# 10 Week of Vizsla Weight



## jjenfield (Jul 20, 2011)

*10 week old Vizsla pup Weight????*We just brought home Addy on Saturday, she is 10 weeks old. She is weighing in at 9.2 lbs. I feel like she is extrememly underweight. Can anyone provide insight on this? Thanks.


----------



## RubyRoo (Feb 1, 2011)

Coming from a Vizsla owner that has a small girl - they come in all sizes. I think Ruby was around that size at that age. She is 7 months now and 37 lbs. She was the runt so we knew she would be small.

As long as Addy is eating, she should be fine. They do get growth spurts from time to time. Enjoy the moments when she is small like this


----------



## Mighty Hunter (May 17, 2011)

Our V was at 12lbs at that age but they will all vary. I would just keep on eye on food and activity level etc. You will be surprised at how good they are at communicating their needs.


----------



## Kobi (Oct 26, 2010)

Just feed her as much as she wants to eat of a quality food. She'll figure out the rest


----------



## Newbie (May 15, 2011)

Our "little boy" will be 10 weeks old on Wednesday, and he already weighs 16 lbs! I guess he must be tall for his age, because he is not overweight at all. In fact, we can see his ribs. He's on Puppy Pro Plan, which is what the breeder had him on, and she insists that we not change his food at this age. We were just feeding him 1 c. a day (plus a bunch of training treats), but we have increased to 1 1/2 c. (1/2 c. three times/day) plus treats. He has his first vet appointment tomorrow morning, so we will see what he says. He devours his food and wants to eat everything in sight - grass, dirt, sticks, cardboard, paper, etc. The twigs are really tough to keep out of his mouth, because we have so many in our yard.


----------



## born36 (Jun 28, 2011)

As stated above they come in all shapes and sizes. Our V Mac weighed in at 20lbs at 10 weeks. He is a big boy though. Don't worry your vet will let you know.


----------



## MooseNoah3 (Jul 10, 2011)

Noah is 4 months old and he is currently 37 lbs, during our first visit at the vet at 7 weeks he was 21 lbs ! Everyone that sees him says he will be huge ! Our apartment complex limit for dogs is 35 lbs we might have to move out soon


----------



## vizslamullet (Jul 23, 2011)

Newbie said:


> We were just feeding him 1 c. a day (plus a bunch of training treats), but we have increased to 1 1/2 c. (1/2 c. three times/day) plus treats. He devours his food and wants to eat everything in sight - grass, dirt, sticks, cardboard, paper, etc.

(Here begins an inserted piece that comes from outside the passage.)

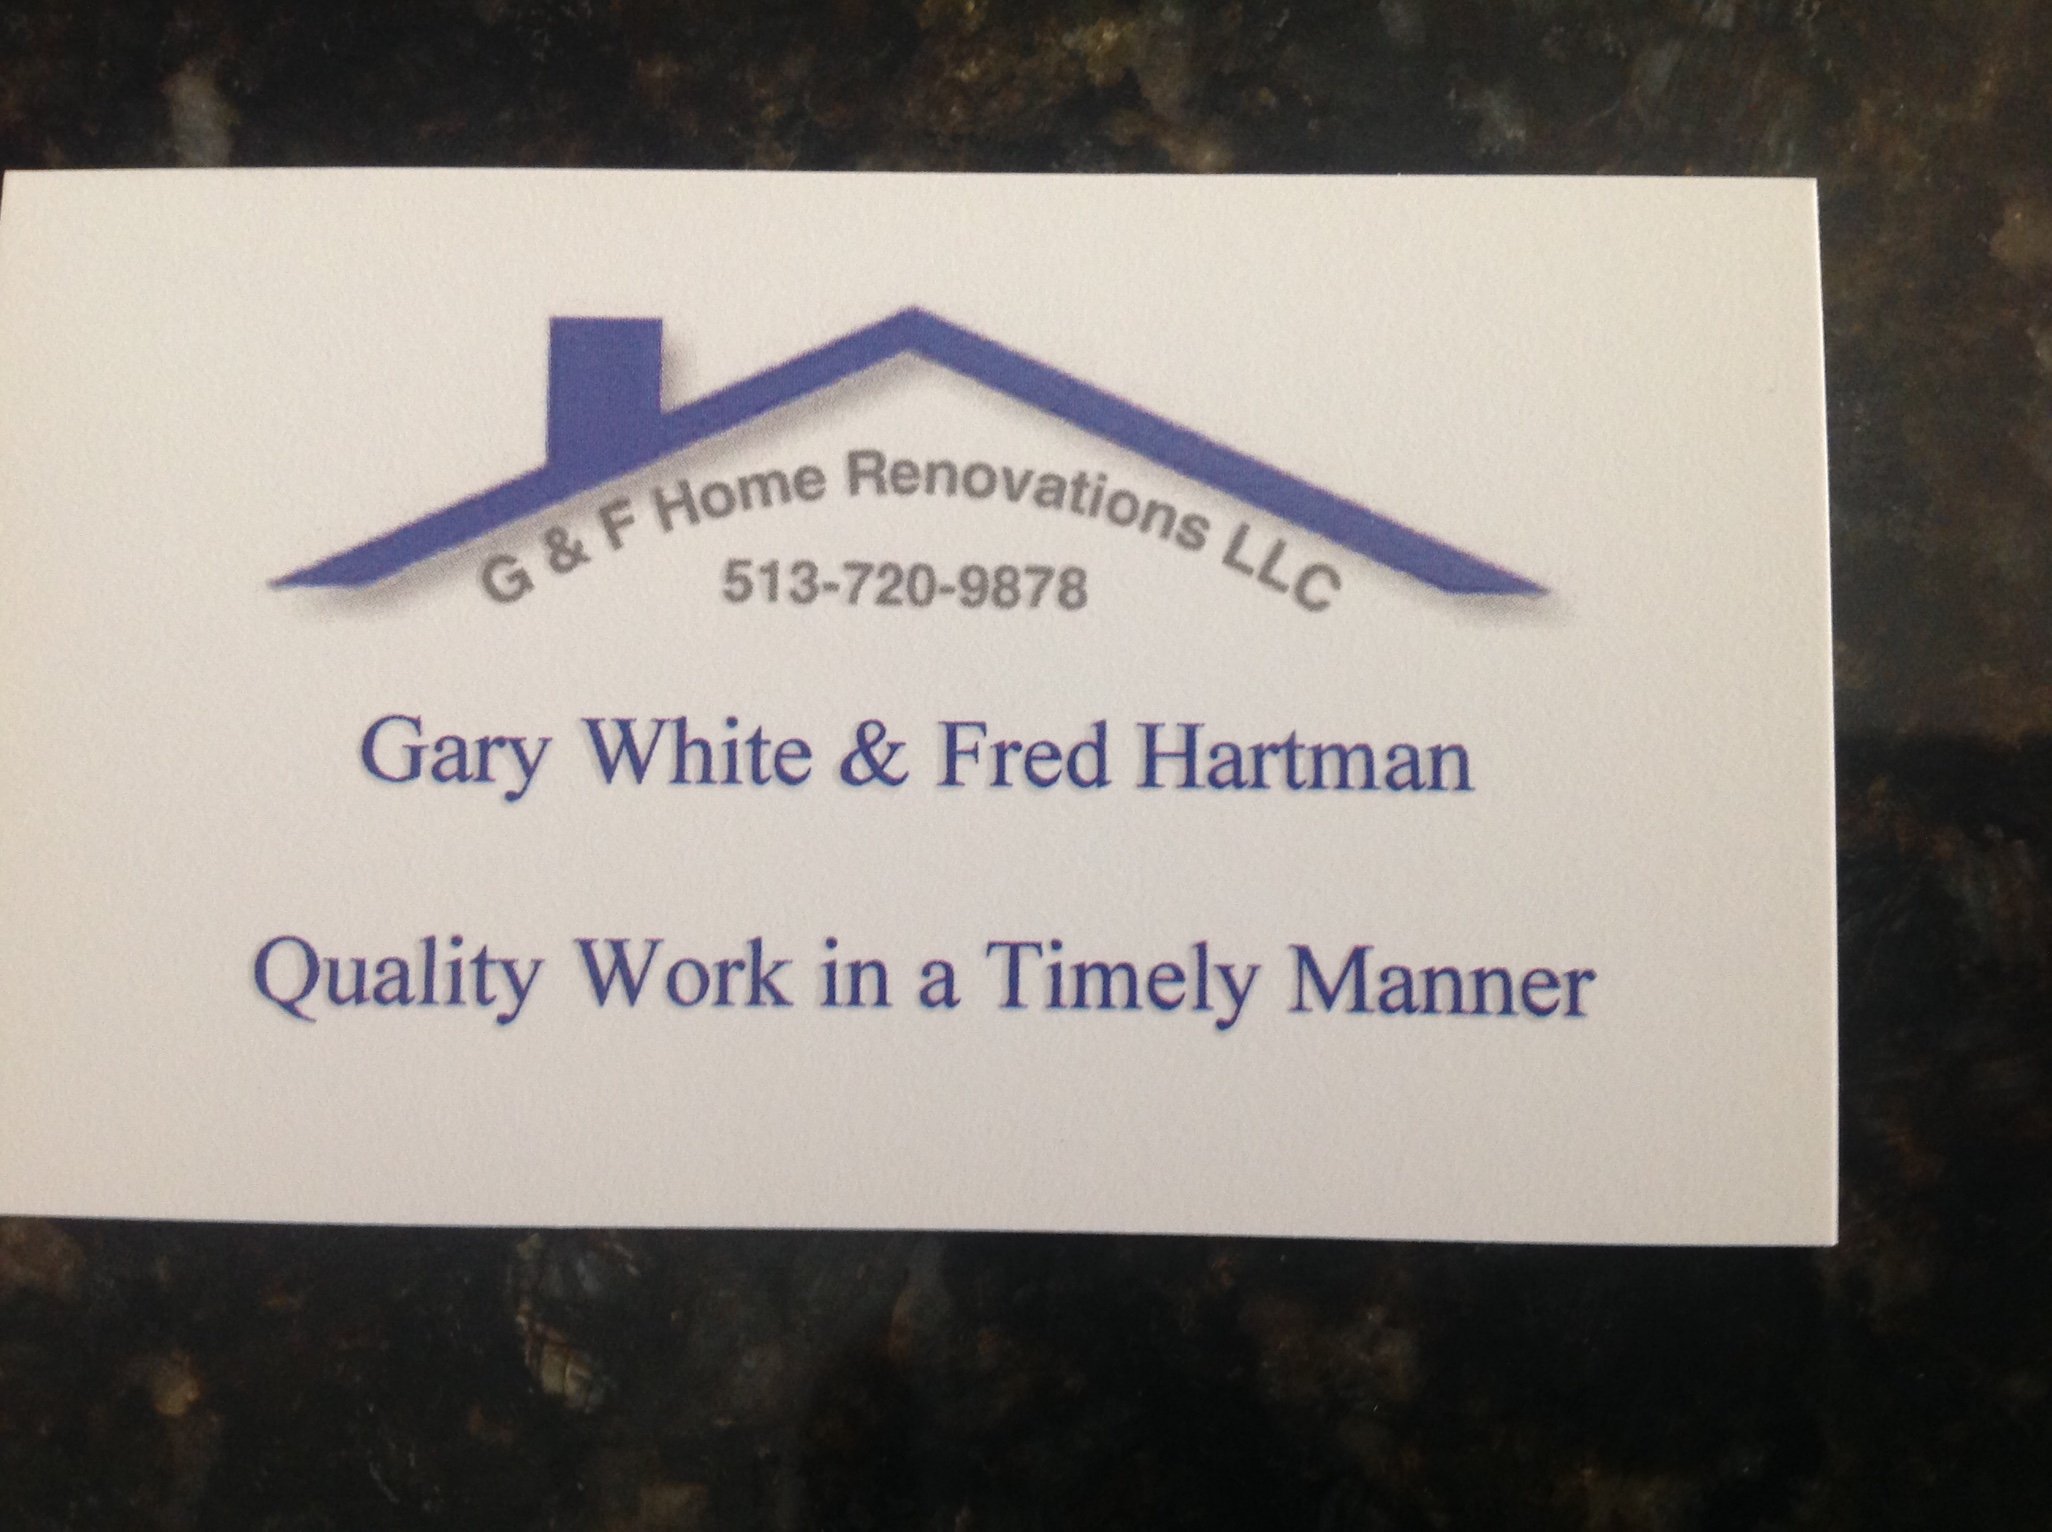 G & F Home Renovations, LLC Logo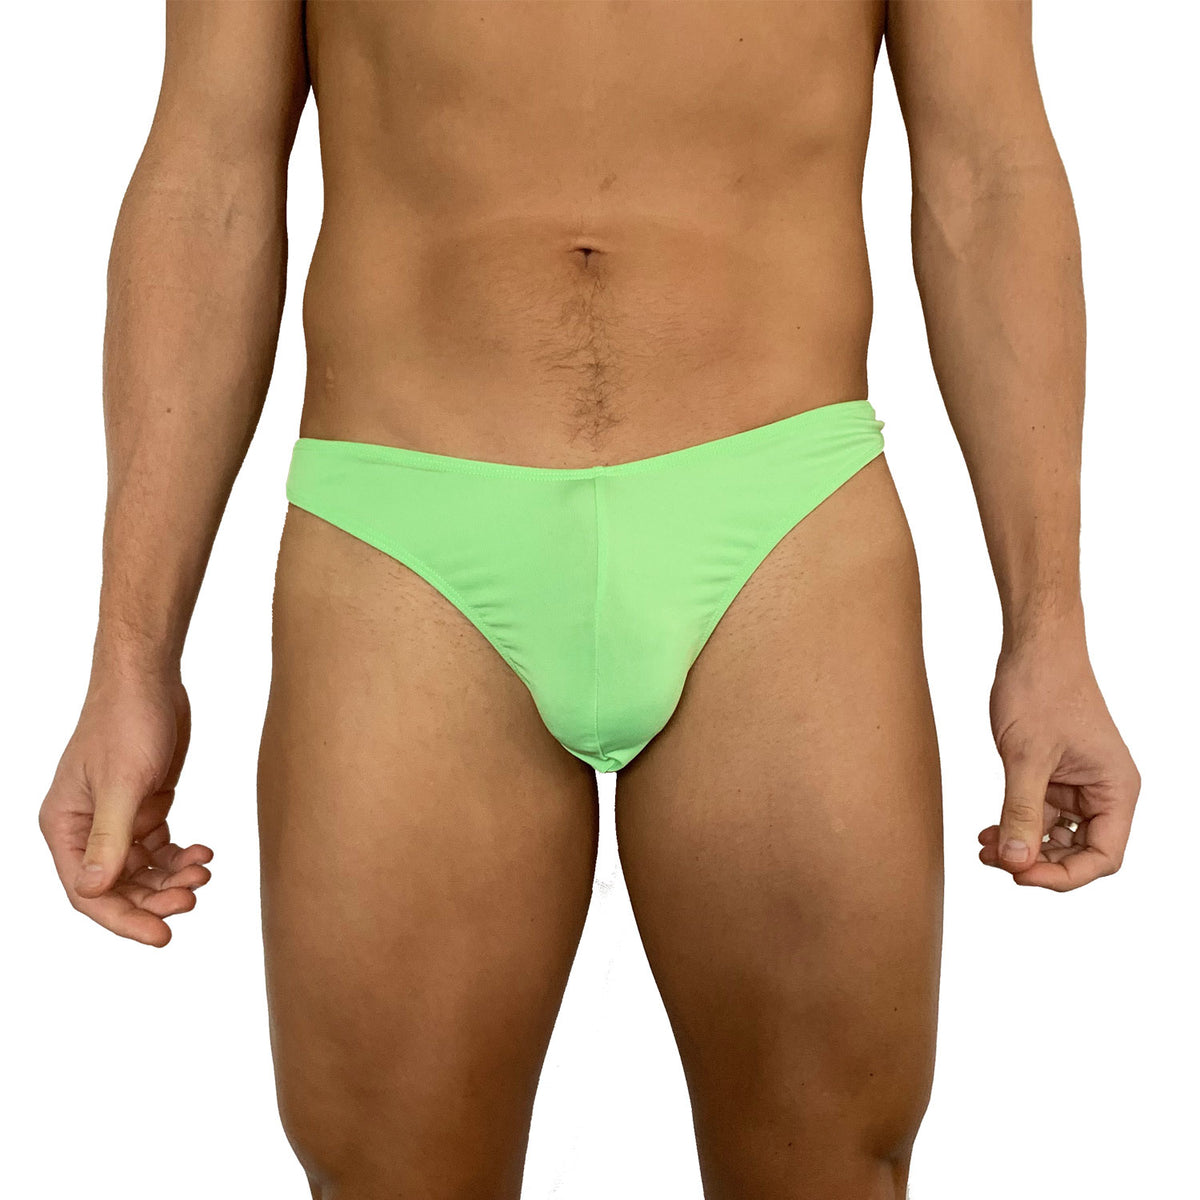 Men's Pouch Front, G-String thong shown in Neon Green Milliskin Tricot  Spandex

We got Cruise at 11-weeks and we were told to feed him 1/4 cup 3X a day. He literally sucked up that amount in 10-seconds. I bumped this up to 1-cup twice a day and he eats at a normal pace now. His 12-week weight was 17lbs. I also noticed that upping his food amount decreased his lawn mowing and stick chomping.


----------



## JJH4 (Jul 27, 2011)

Milly was 9.6lbs at about 9-10 weeks....she is just over 12weeks now and weighed in at 15lbs at the vet last friday.


----------